The BOJ may consider purchasing BBB-rated corporate bonds and a-2 commercial paper at the gathering this week, three people with direct knowledge of the discussions said. Buying lower-grade securities would go beyond the bank’s 2009 corporate debt purchases that followed the global financial crisis and were limited to bonds rated A or higher and a-1 commercial paper.

With money-market rates already low, the central bank is turning to purchases of riskier assets to reduce borrowing costs. The bank has already said it will devote 1 trillion yen of its latest fund to corporate debt, 3.5 trillion yen to government bonds and the rest for ETFs and J-REITs.

“It was a big surprise that the BOJ embarked on buying of risky assets like ETFs and J-REITs, probably because it can’t find much room left to buy up other assets that will make an impact,” said Teizo Taya, a former BOJ board member and now an adviser of the Daiwa Research Institute.

The government last week lowered its assessment of the economy for the first time in 20 months. Prime Minister Naoto Kan wants to submit his 5 trillion yen stimulus package to parliament on Oct. 29, paving the way to pump more money into an economy that some analysts forecast will shrink this quarter.

Growth, Price Outlook

Shirakawa and his board will update their predictions for economic growth and inflation for fiscal 2010 and 2011 at the meeting, as well as publish estimates for the year ending March 2013 for the first time.

They will probably avoid downgrading their price forecast for next fiscal year to a negative figure from the current 0.1 percent increase, according to three people with knowledge of the matter. The latest monetary stimulus measures will boost the economy and prices, one of the people said. Another said recent gains in commodity costs and an increase in the tobacco tax introduced this month will also bolster prices.

The BOJ forecasts consumer prices excluding fresh food will slide 0.4 percent in the current fiscal year, the second straight annual decline. The board this month pledged to keep rates near zero until “price stability is in sight.”

Policy Commitment

That promise is “tantamount to an official statement that the current policy duration will be extended at least into the year ending March 2013,” said Takehiro Sato, Japan chief economist at Morgan Stanley MUFG Securities Co. in Tokyo.

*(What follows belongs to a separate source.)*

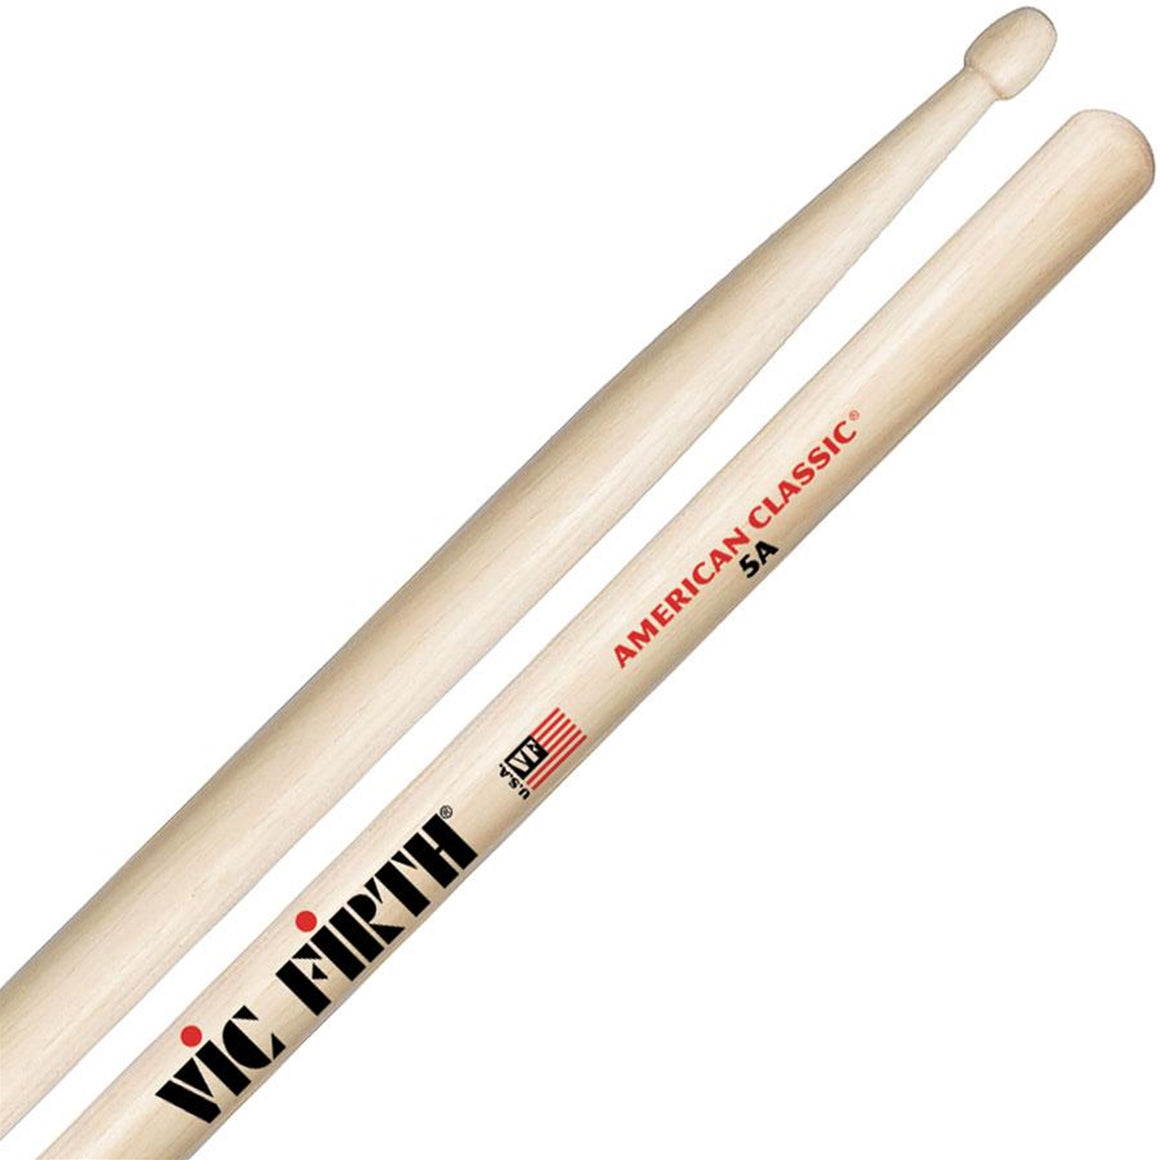 VIC FIRTH VF5A 5A American Classic Hickory Drumsticks, Wood Tip

Japan’s economy will expand 2.6 percent in the year to March 2011 and slow to 1.9 percent in the following year, the policy makers said in July.

That’s more optimistic than economists, who predict 2 percent growth in the current fiscal year and 1.1 percent in the next, according to the median estimate of 15 analysts surveyed by Bloomberg. Prices will decline 1 percent this year and drop 0.2 percent in the following period, they said. In fiscal 2012, Japan will grow 1.7 percent and prices will rise 0.1 percent.